On February 28, Jack Nicklaus returned to the scene of his ninth of 18 major titles, 50 years to the day that he hoisted the Wanamaker Trophy for the second time. Nicklaus recounted to members at BallenIsles Golf Club in Palm Beach Gardens, Florida, which then was known as PGA National’s East Course (until 1987) when it hosted the 1971 PGA Championship, that he was paired in the opening two rounds with Hall of Famer Gene Sarazen.

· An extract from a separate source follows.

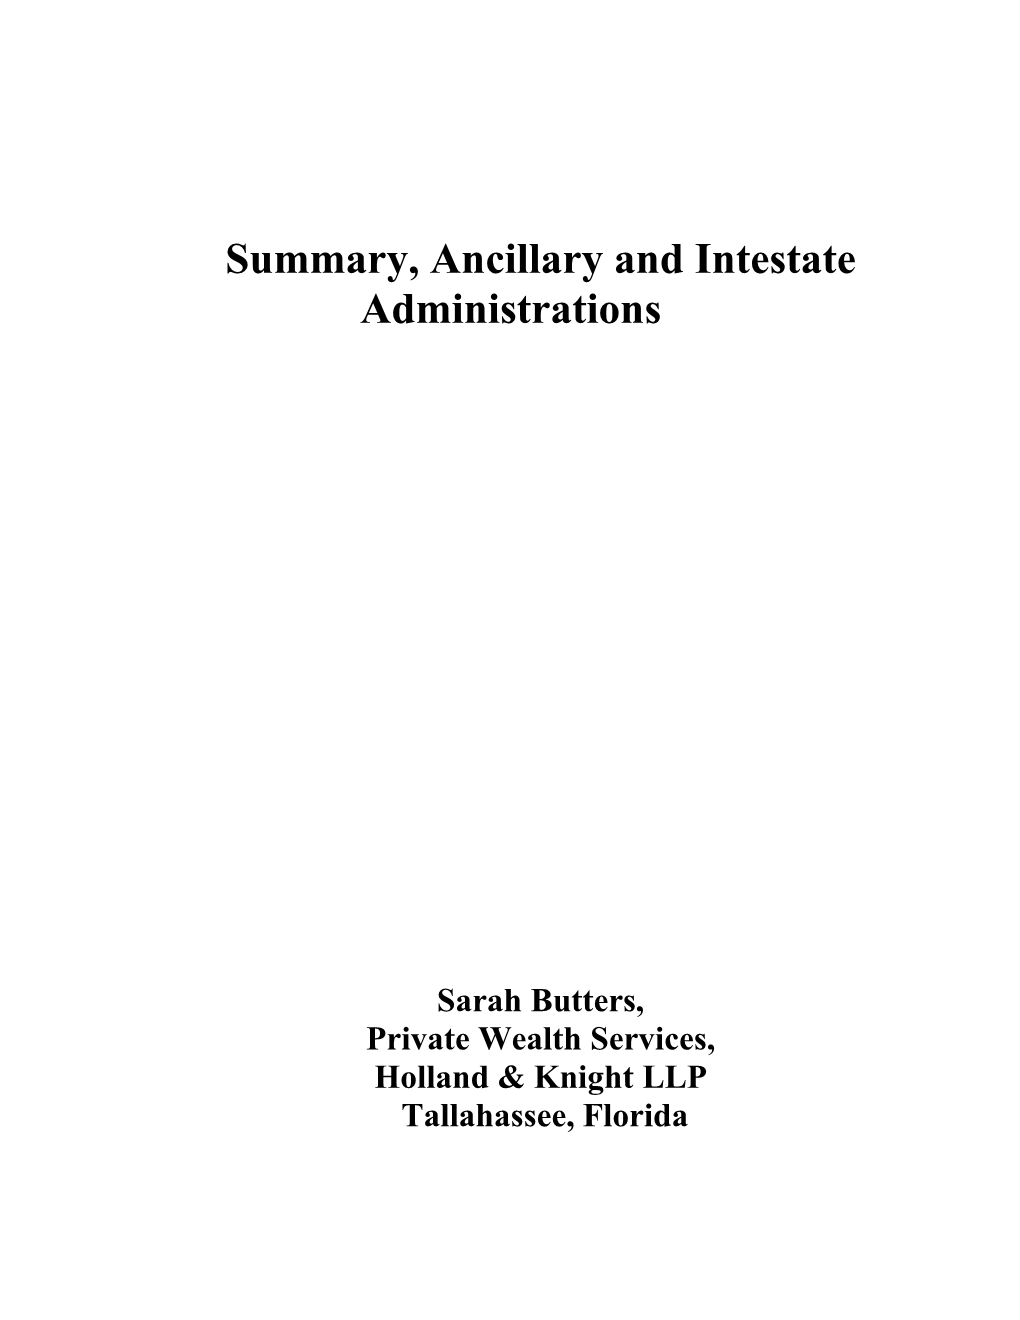 Summary, Ancillary and Intestate Administrations

The Squire, who won the first of his three PGA titles in 1922, was playing in his 50th PGA while celebrating turning 69 years old and looking as dapper as ever in his trademark knickers and a straw Panama hat.
“Now they say if you’ve played a long time you’ve played with Jack Nicklaus,” the Golden Bear said.
But 50 years ago, Nicklaus was 31 years of age and in full flight. He led the tournament wire-to-wire en route to shooting 7-under 281, two strokes better than Billy Casper, and in doing so became the first player in history to complete the modern career Grand Slam twice.
“The world’s largest bookshelf may be needed one of these days to store all the records that belong to Nicklaus,” Dan Jenkins wrote in Sports Illustrated.
No truer words about Nicklaus may have ever been written as he was just making the turn on the way to filling up his bookshelf with a record 18 majors, including five victories at the PGA. Nicklaus’s passion and desire to win the Wanamaker Trophy took shape more than two decades earlier when the 1950 PGA Championship was held at Scioto Country Club in Columbus, Ohio, where the Nicklaus family had a membership.
With the help of his teacher, Scioto’s head professional Jack Grout, a 10-year-old Nicklaus gained access to the locker room to meet many of the stars of the game, including acquiring autographs from Hall of Famer Sam Snead, eventual champion, Chandler Harper, who had been assigned to father Charlie Nicklaus’s locker, and most memorably Lloyd Mangrum.
“I can still see that slim, dark figure sitting at a table with a fan of cards in one hand and a glass of hooch in the other and a cigarette dangling from his lips, and recall how intimidated I was when he turned to me and gave me that famous tough look of his and snarled, ‘Whaddya want, kid?’ ” Nicklaus wrote in My Story, his 1997 autobiography. “But he signed my autograph book, and I remember being extremely proud of my courage in standing up to such a fearsome character.”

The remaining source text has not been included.